Assignment: Nothing but the text belongs in the answer: the listing below, copied exactly, without pictures.

Data below:

————————

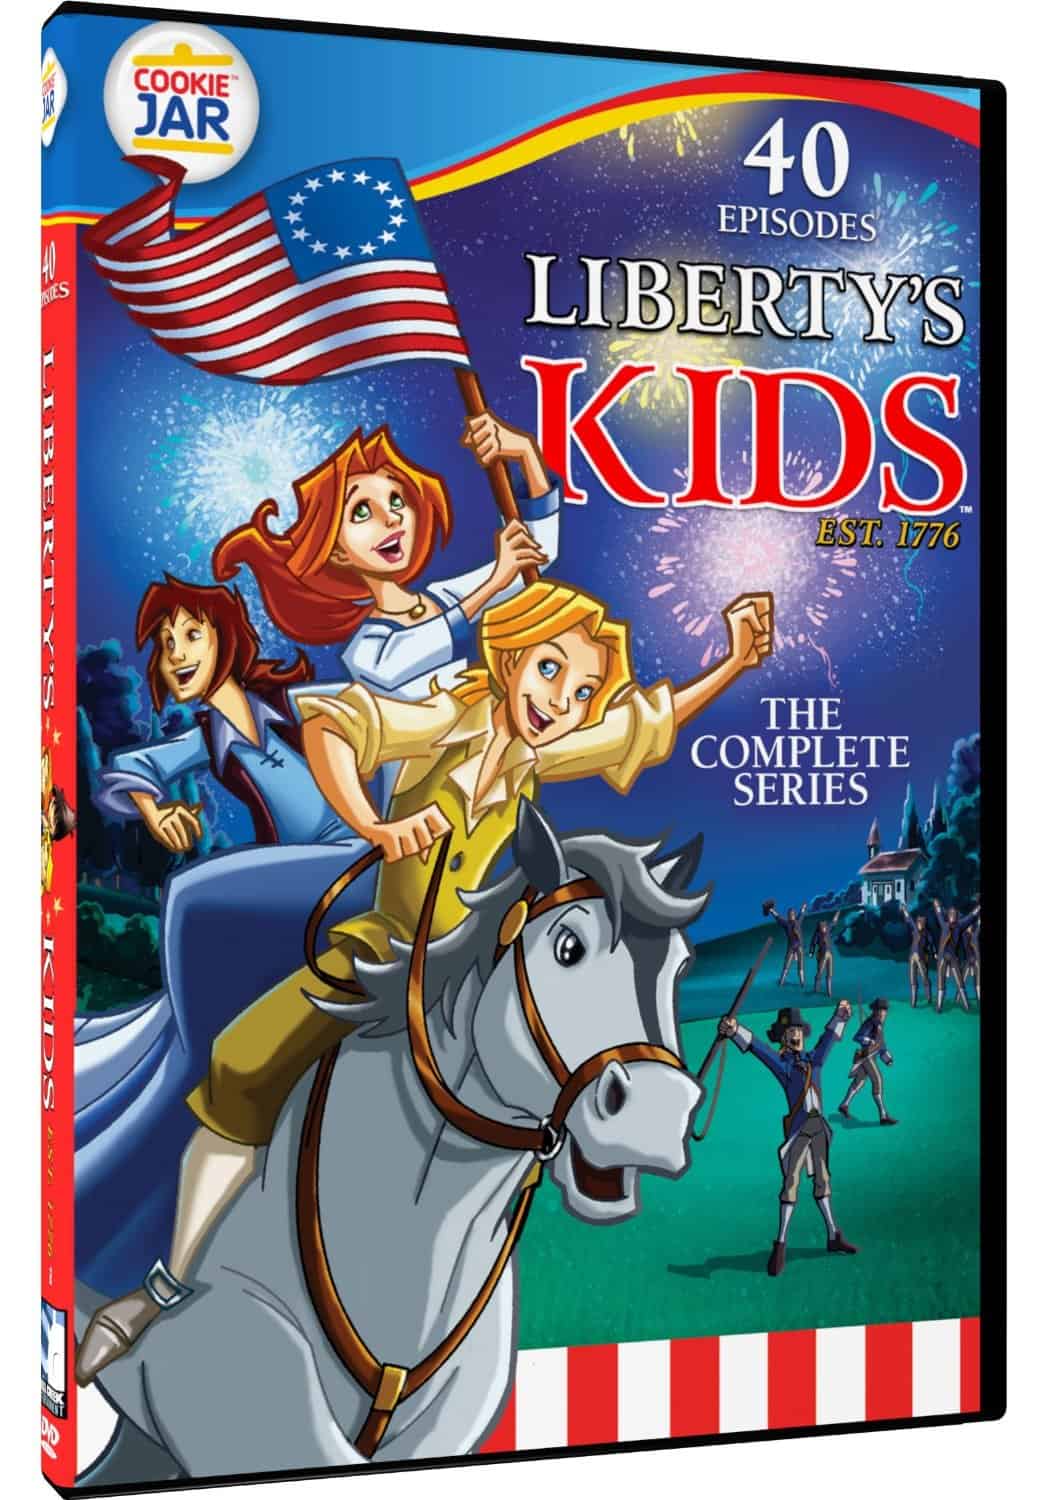 Liberty Kids
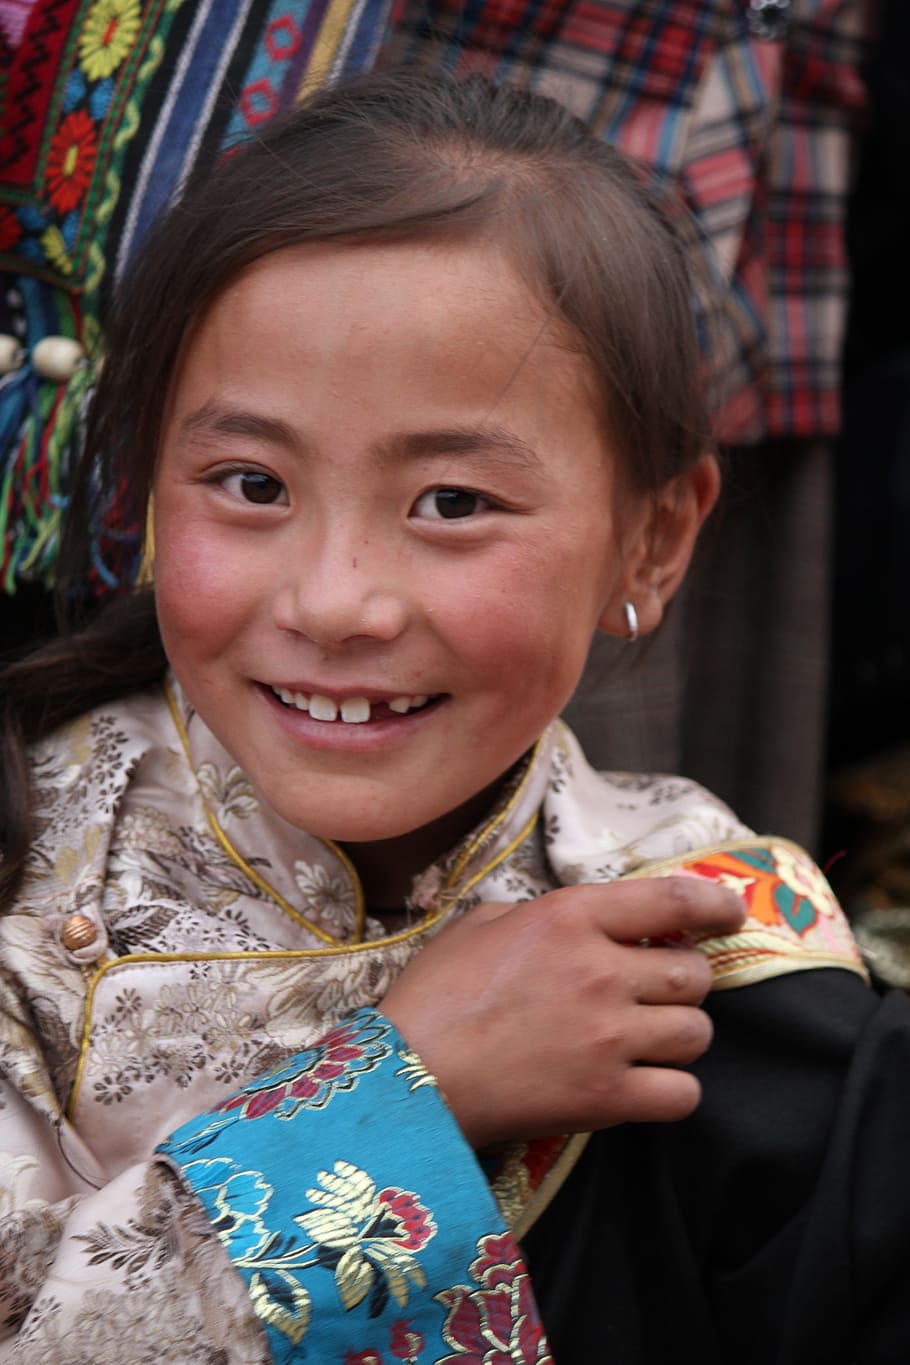 キャラクター, チベット民族, 女の子, 子供, 子供時代, 実在の人物, 一人, ポートレート, カメラ目線, ライフスタイル
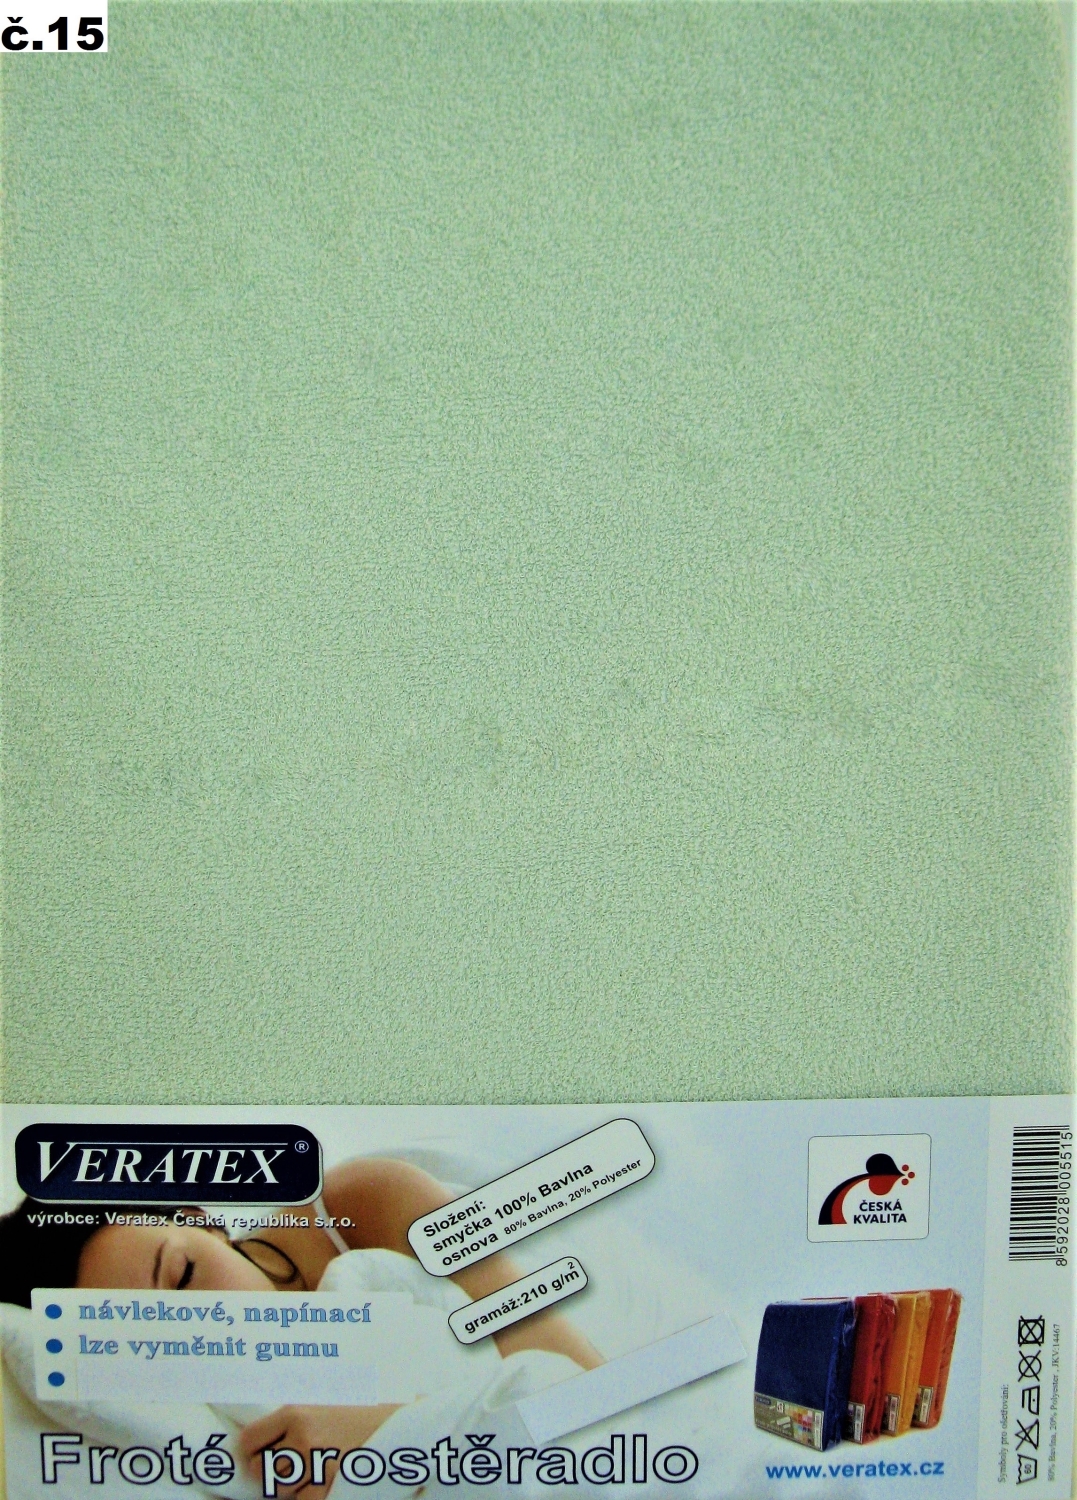 Veratex Froté prostěradlo jednolůžko 90x200/16 cm (č.15 sv.zelená)

————————

Exercise result:
 Liberty Kids
 キャラクター, チベット民族, 女の子, 子供, 子供時代, 実在の人物, 一人, ポートレート, カメラ目線, ライフスタイル
 Veratex Froté prostěradlo jednolůžko 90x200/16 cm (č.15 sv.zelená)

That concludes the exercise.